(SUPPLIED INFORMATION Opens)

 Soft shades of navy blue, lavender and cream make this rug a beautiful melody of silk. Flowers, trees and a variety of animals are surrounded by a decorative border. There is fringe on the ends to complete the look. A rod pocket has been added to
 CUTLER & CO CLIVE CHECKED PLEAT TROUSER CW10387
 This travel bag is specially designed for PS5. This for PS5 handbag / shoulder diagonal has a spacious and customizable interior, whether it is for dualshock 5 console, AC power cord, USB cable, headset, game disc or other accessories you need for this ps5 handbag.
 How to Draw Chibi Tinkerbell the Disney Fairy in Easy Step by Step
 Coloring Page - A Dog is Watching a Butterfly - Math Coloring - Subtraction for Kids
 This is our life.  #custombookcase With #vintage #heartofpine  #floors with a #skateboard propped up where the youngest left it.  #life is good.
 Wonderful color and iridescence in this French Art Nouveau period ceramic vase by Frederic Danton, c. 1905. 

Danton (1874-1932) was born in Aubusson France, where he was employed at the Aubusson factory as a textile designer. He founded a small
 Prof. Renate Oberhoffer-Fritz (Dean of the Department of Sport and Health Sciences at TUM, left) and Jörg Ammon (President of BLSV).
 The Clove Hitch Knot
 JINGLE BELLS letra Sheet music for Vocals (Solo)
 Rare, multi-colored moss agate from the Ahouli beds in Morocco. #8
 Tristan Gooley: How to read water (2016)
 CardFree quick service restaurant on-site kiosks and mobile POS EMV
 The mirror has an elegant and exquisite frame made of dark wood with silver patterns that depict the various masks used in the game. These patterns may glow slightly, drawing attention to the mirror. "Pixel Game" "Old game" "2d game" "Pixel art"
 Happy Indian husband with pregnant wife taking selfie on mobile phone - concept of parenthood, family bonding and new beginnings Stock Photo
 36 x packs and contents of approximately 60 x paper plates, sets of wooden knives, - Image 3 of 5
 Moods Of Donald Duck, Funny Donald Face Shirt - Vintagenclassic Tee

(SUPPLIED INFORMATION Closes)

• WORK INSTRUCTIONS:
Your answer must be the records themselves, output again exactly.

• ANSWER:
 Soft shades of navy blue, lavender and cream make this rug a beautiful melody of silk. Flowers, trees and a variety of animals are surrounded by a decorative border. There is fringe on the ends to complete the look. A rod pocket has been added to
 CUTLER & CO CLIVE CHECKED PLEAT TROUSER CW10387
 This travel bag is specially designed for PS5. This for PS5 handbag / shoulder diagonal has a spacious and customizable interior, whether it is for dualshock 5 console, AC power cord, USB cable, headset, game disc or other accessories you need for this ps5 handbag.
 How to Draw Chibi Tinkerbell the Disney Fairy in Easy Step by Step
 Coloring Page - A Dog is Watching a Butterfly - Math Coloring - Subtraction for Kids
 This is our life.  #custombookcase With #vintage #heartofpine  #floors with a #skateboard propped up where the youngest left it.  #life is good.
 Wonderful color and iridescence in this French Art Nouveau period ceramic vase by Frederic Danton, c. 1905. 

Danton (1874-1932) was born in Aubusson France, where he was employed at the Aubusson factory as a textile designer. He founded a small
 Prof. Renate Oberhoffer-Fritz (Dean of the Department of Sport and Health Sciences at TUM, left) and Jörg Ammon (President of BLSV).
 The Clove Hitch Knot
 JINGLE BELLS letra Sheet music for Vocals (Solo)
 Rare, multi-colored moss agate from the Ahouli beds in Morocco. #8
 Tristan Gooley: How to read water (2016)
 CardFree quick service restaurant on-site kiosks and mobile POS EMV
 The mirror has an elegant and exquisite frame made of dark wood with silver patterns that depict the various masks used in the game. These patterns may glow slightly, drawing attention to the mirror. "Pixel Game" "Old game" "2d game" "Pixel art"
 Happy Indian husband with pregnant wife taking selfie on mobile phone - concept of parenthood, family bonding and new beginnings Stock Photo
 36 x packs and contents of approximately 60 x paper plates, sets of wooden knives, - Image 3 of 5
 Moods Of Donald Duck, Funny Donald Face Shirt - Vintagenclassic Tee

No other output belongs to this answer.